Small oceans of water finally extinguished the fire. In the end, a blackened hole gaped where the storeroom once was. The captain and Isis stood outside the opening, coughing and covered with smoke and soot.

The Gaesatae lay tied in ropes. His eyes were shut, swollen and blackened by the anger of the seamen who had bound him. The grim-faced Admiral stood nearby.

“He was after the girl,” said Isis. The captain gave an angry nod. A young girl was a natural target for any man, and this rough barbarian was no exception. But the fire!

“You could have burned the ship to the water line. I should cut you in pieces, and feed you to the sharks,” the captain cried. He kicked the Gaesatae against the blackened wall, his face red with fury.

Admiral Himilco reached out and stayed the captain’s anger with a hand. Adonibaal was lost in rage and might kill the man. The barbarian had clearly been after the girl, but the crew must be shown what happens to anyone careless with fire.

“Chain him to the bench. He’ll learn proper respect for my ship tomorrow when he gets thirty strokes of the lash.”

Isis came to the galley and stood watching Sabrann from the doorway as the Gaesatae was led away. “You see?” he snarled. “Women are no good on a ship.”

“He wants to kill me.” Tears streamed down her face leaving sooty trails.
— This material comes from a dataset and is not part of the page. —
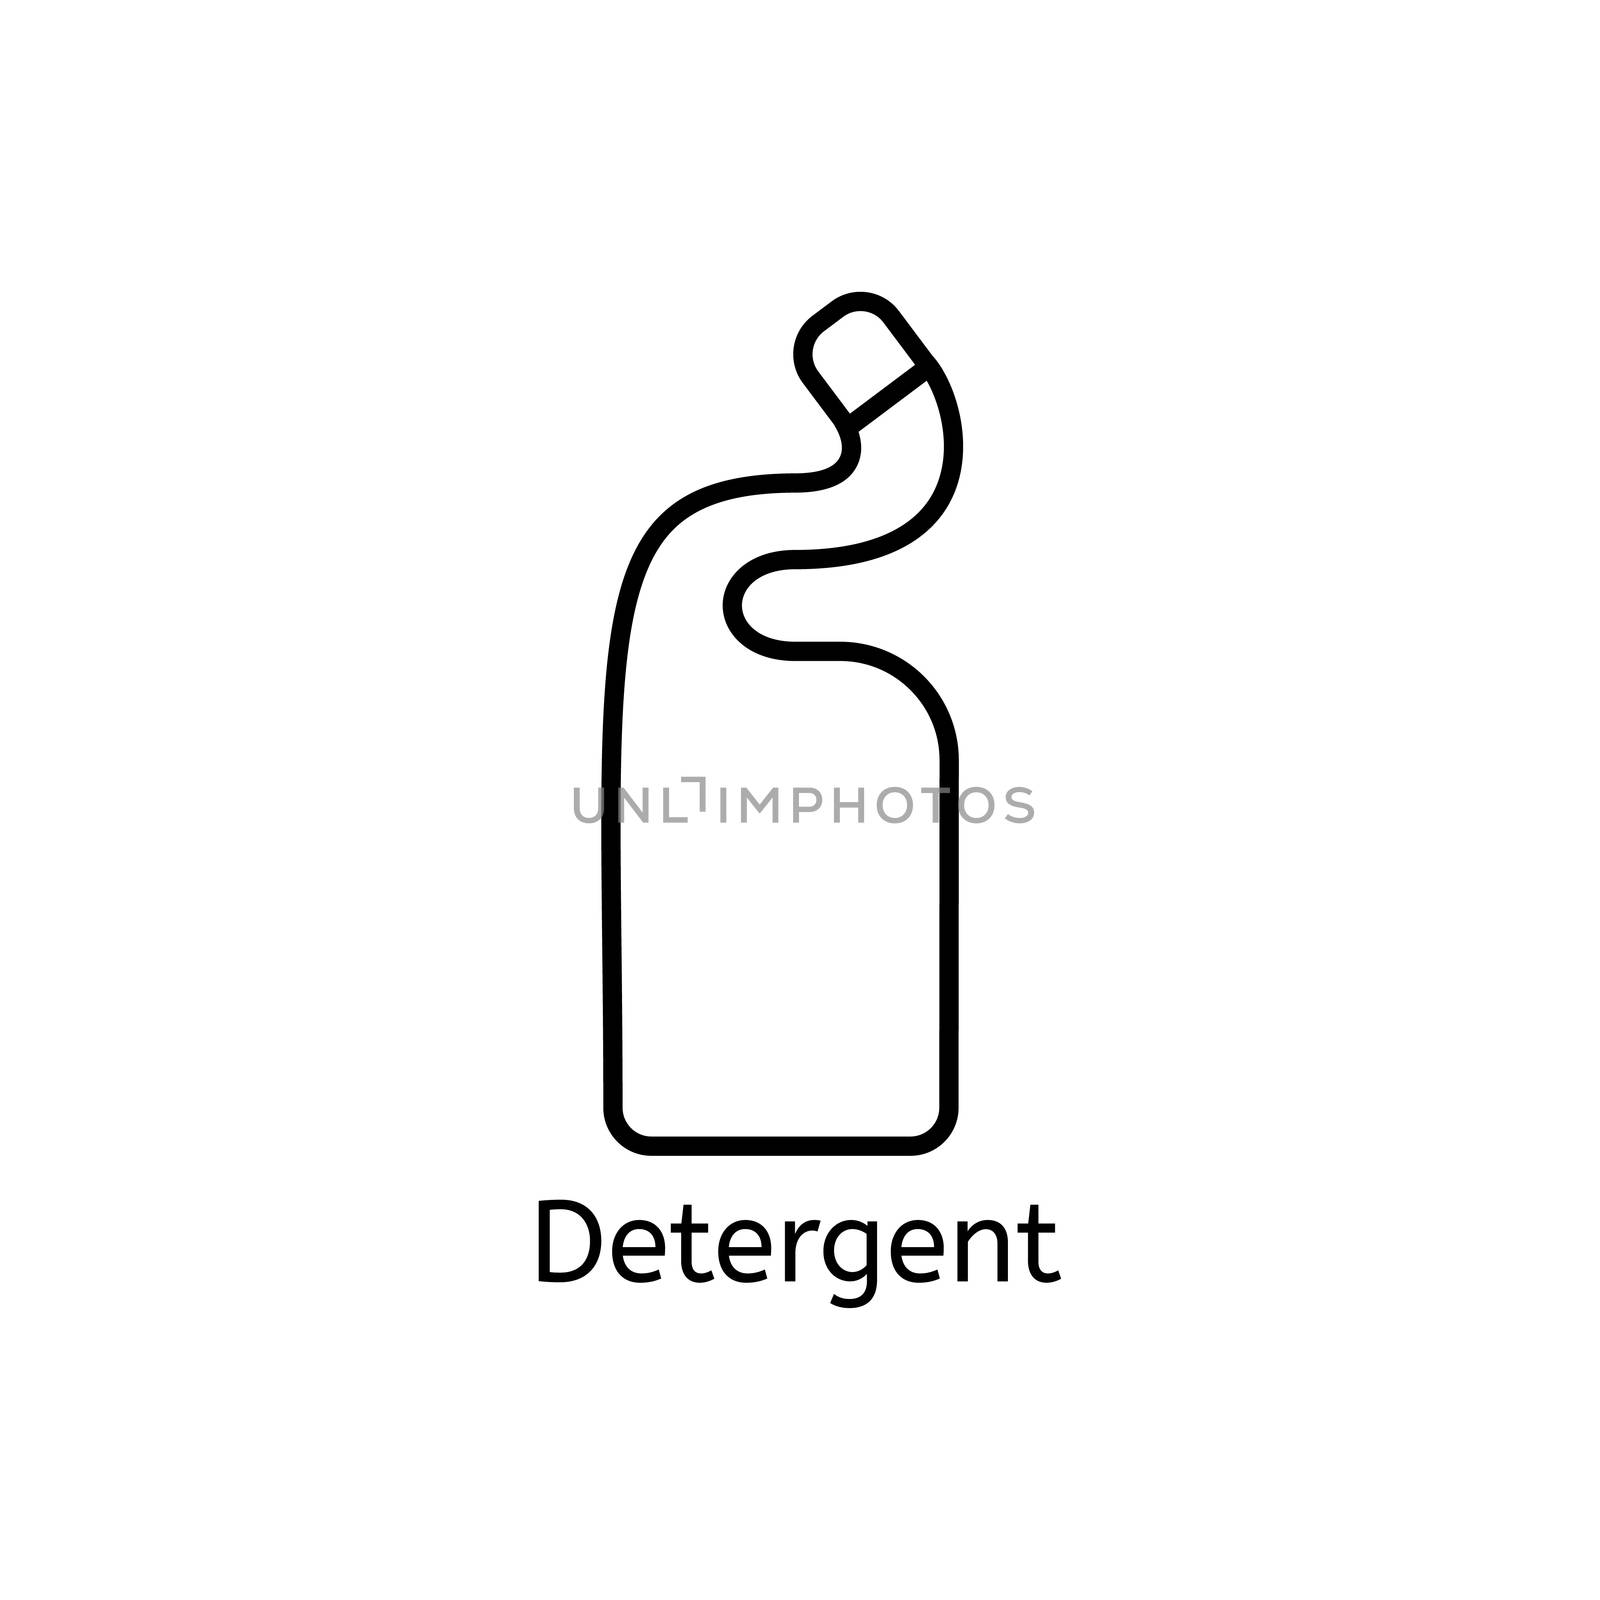 Detergents simple line icon. Liquid detergent thin linear signs. Means for cleaning simple concept for websites, infographic, mobile app.

Isis shrugged his heavy shoulders. “It may be so, but you are alive and he is chained now. You sleep here tonight. Pray to your barbarian gods to protect you.”
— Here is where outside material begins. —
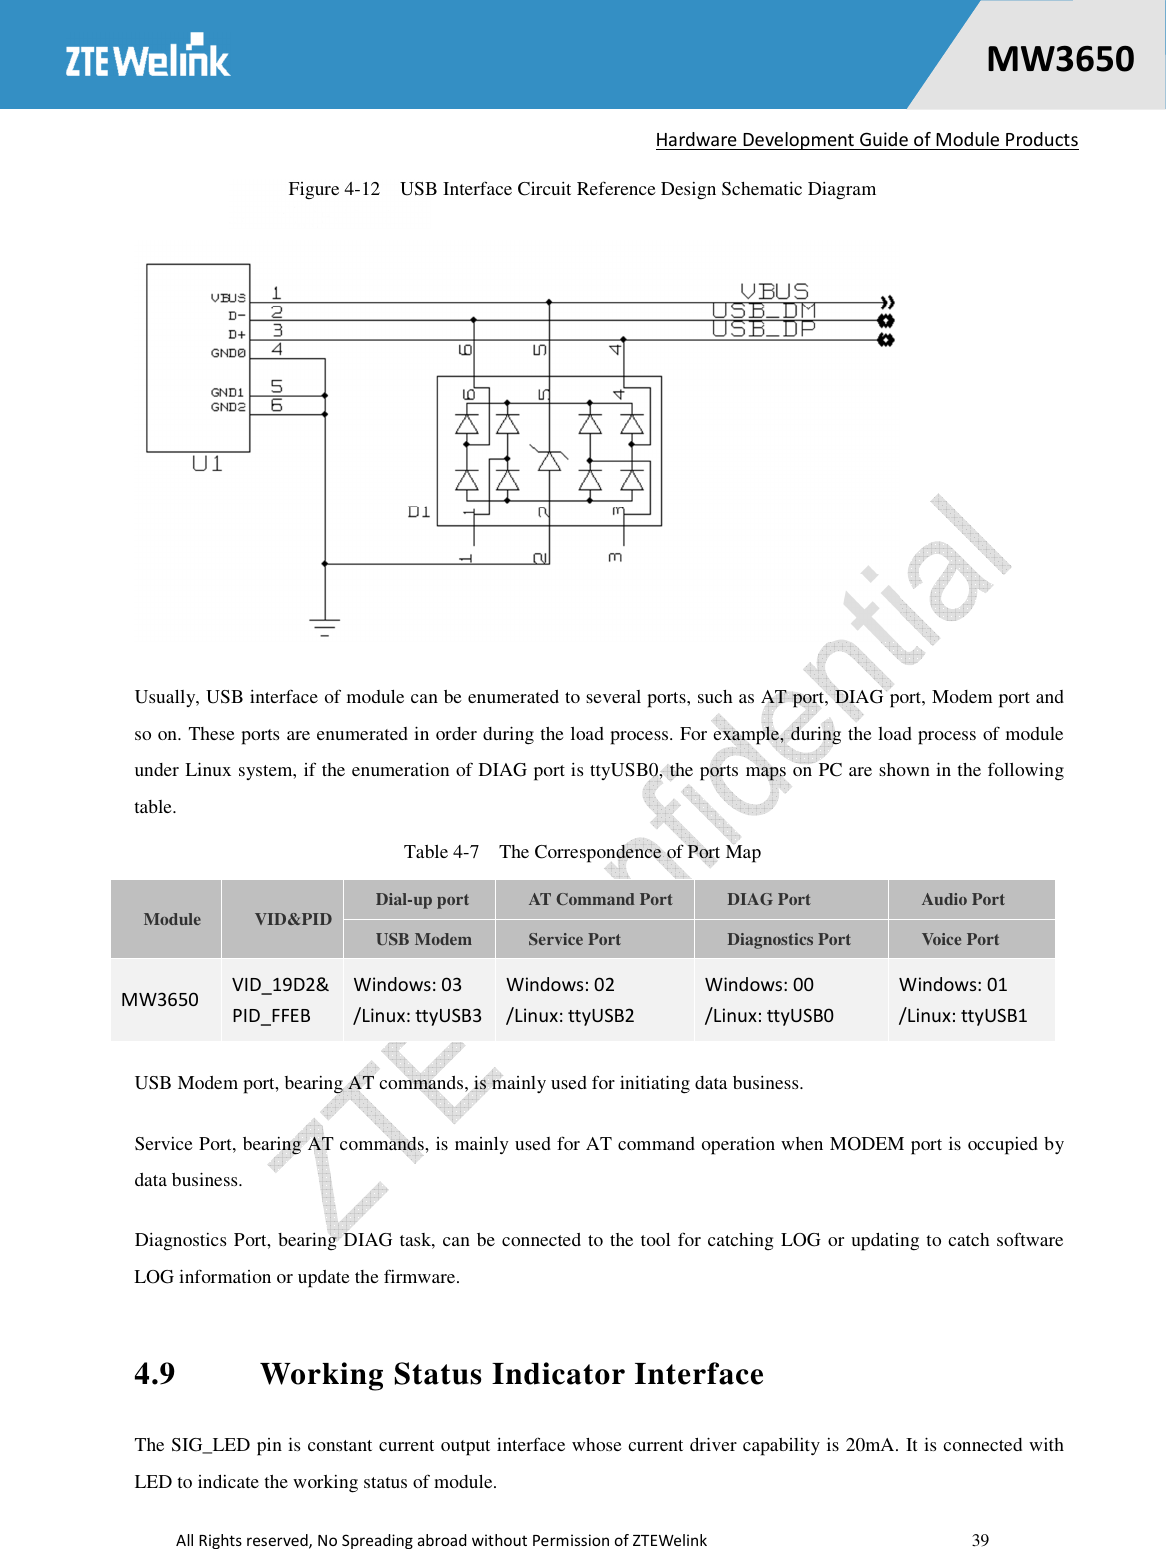   Hardware Development Guide of Module Products  All Rights reserved, No Spreading abroad without Permission of ZTEWelink    39    MW36500 Figure 4-12    USB Interface Circuit Reference Design Schematic Diagram  Usually, USB interface of module can be enumerated to several ports, such as AT port, DIAG port, Modem port and so on. These ports are enumerated in order during the load process. For example, during the load process of module under Linux system, if the enumeration of DIAG port is ttyUSB0, the ports maps on PC are shown in the following table. Table 4-7    The Correspondence of Port Map Module  VID&amp;PID  Dial-up port  AT Command Port  DIAG Port  Audio Port USB Modem  Service Port  Diagnostics Port  Voice Port MW3650  VID_19D2&amp; PID_FFEB Windows: 03   /Linux: ttyUSB3 Windows: 02 /Linux: ttyUSB2 Windows: 00   /Linux: ttyUSB0 Windows: 01   /Linux: ttyUSB1 USB Modem port, bearing AT commands, is mainly used for initiating data business. Service Port, bearing AT commands, is mainly used for AT command operation when MODEM port is occupied by data business. Diagnostics Port, bearing DIAG task, can be connected to the tool for catching LOG or updating to catch software LOG information or update the firmware. 4.9  Working Status Indicator Interface The SIG_LED pin is constant current output interface whose current driver capability is 20mA. It is connected with LED to indicate the working status of module.

She reached down and touched the knife strapped to her thigh. Tomorrow she would find Glas and warn him.

She crawled under the table, and cried herself to sleep, her hand on her knife.

ENGLAND

June 2006

 

FORDE ABBEY

Dorset

June 14, 2006

“Well, is she alive or not?” Lord Dorset’s public-school accent was clipped, penetrating, and an ever-present reminder he was born many steps above Conan Ryan on the social ladder.
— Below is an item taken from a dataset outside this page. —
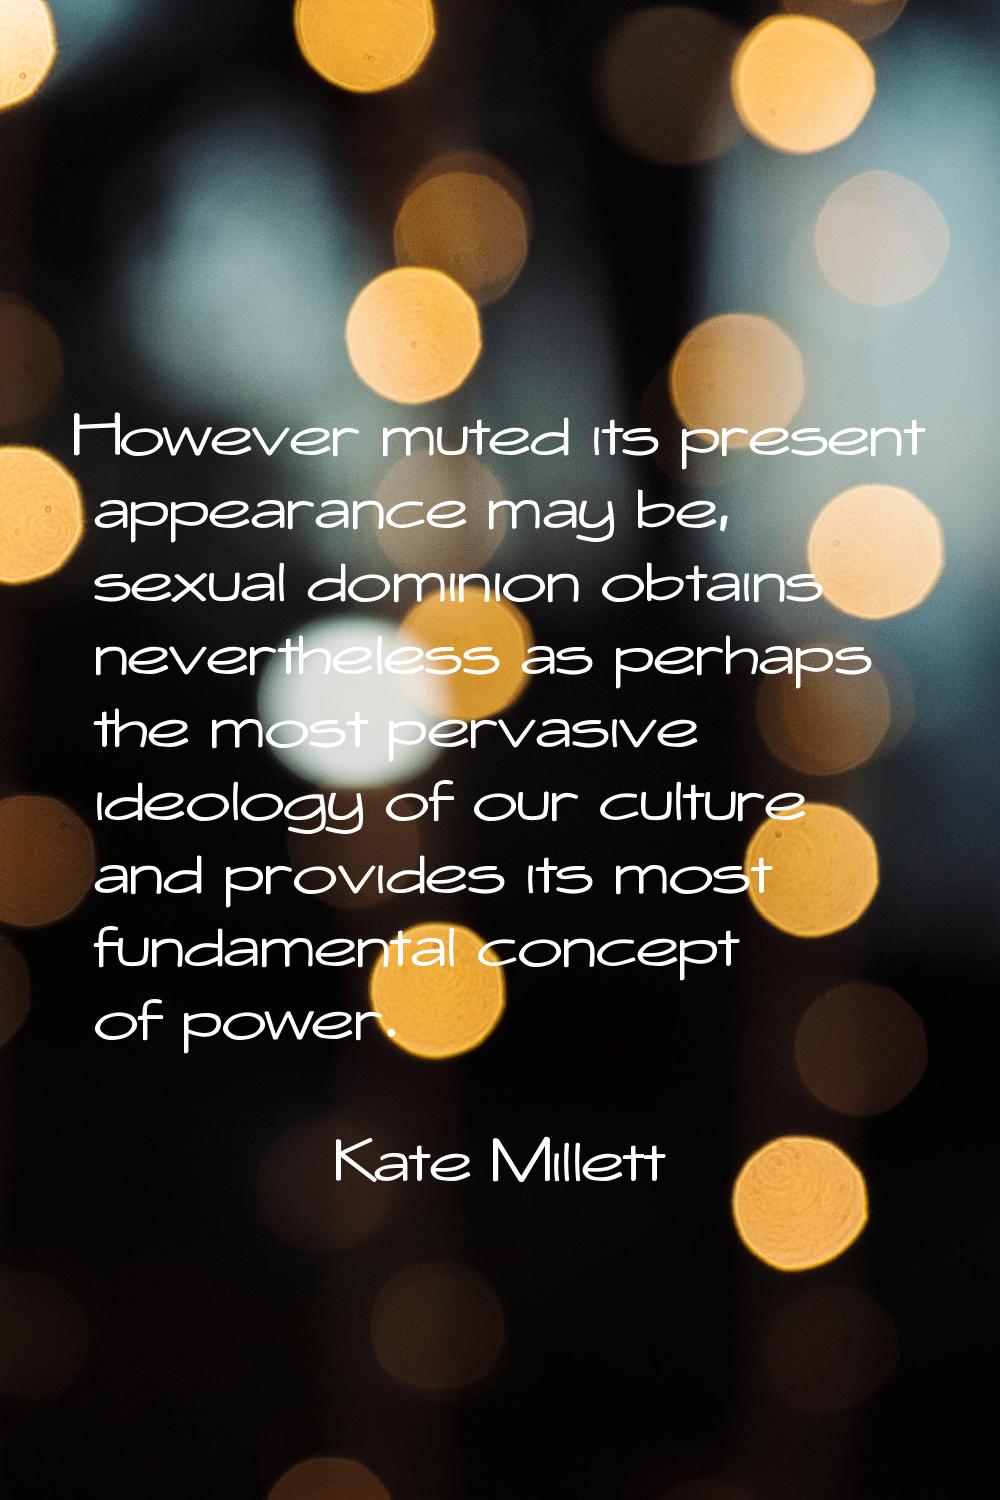 However muted its present appearance may be, sexual dominion obtains nevertheless as perhaps the mo

Conan ignored him. Deliberately. He was tired of that imperial tone of voice. But that would soon change.

Lord Dorset sat like some exalted magistrate, behind his 18
th
century Chippendale desk. His hands formed a perfect triangle, lightly touching his chin, his arms resting on an Italian renaissance chair, carved and embellished with lion heads and florets. All priceless.

Conan’s anger flared. Damned if he would jump at his lordship’s crack of the whip. Not today. He picked up a particularly fine Roman seal sitting on Lord Dorset’s desk, turned the seal over and traced the owner’s mark on the bottom. It was an original, and he should know: he had dug it up. It would soon reside in the British Museum, proudly displayed as “on loan from the Earl of Dorset’s collection”

That name meant a lot. Charles Peregrine Sackville, Earl of Dorset, always had everything documented—provenance was everything in the rarefied world of ancient artifacts.

How he got that documentation was sometimes another matter. Providing a provenance to artifacts removed from their original context was a delicate business. Lord Dorset usually suggested one of a handful of university scholars whom they might call on to authenticate an artifact without a provenance and, if needed, run all the tests to build a rock-solid claim. Hungry for research money, they were willing to bend the rules and put their personal stamp and prestige on an artifact and declare it dated and authentic. A discreet donation to their most needy research project always ensured their continued cooperation.

That kind of professional approval determined how much money a sixteenth century garnet ring or a prehistoric iron dagger might bring on the antiquities underground market or even on the open market. It was highly profitable. A growing part of Lord Dorset’s collection was built around this kind of dubious authenticity; but he was above suspicion, for all his pieces had impenetrable provenances.

Conan moved away from the desk and looked out the window at the stunning fountain that towered over the garden by sixty feet. Excess was a daily part of his lordship’s life.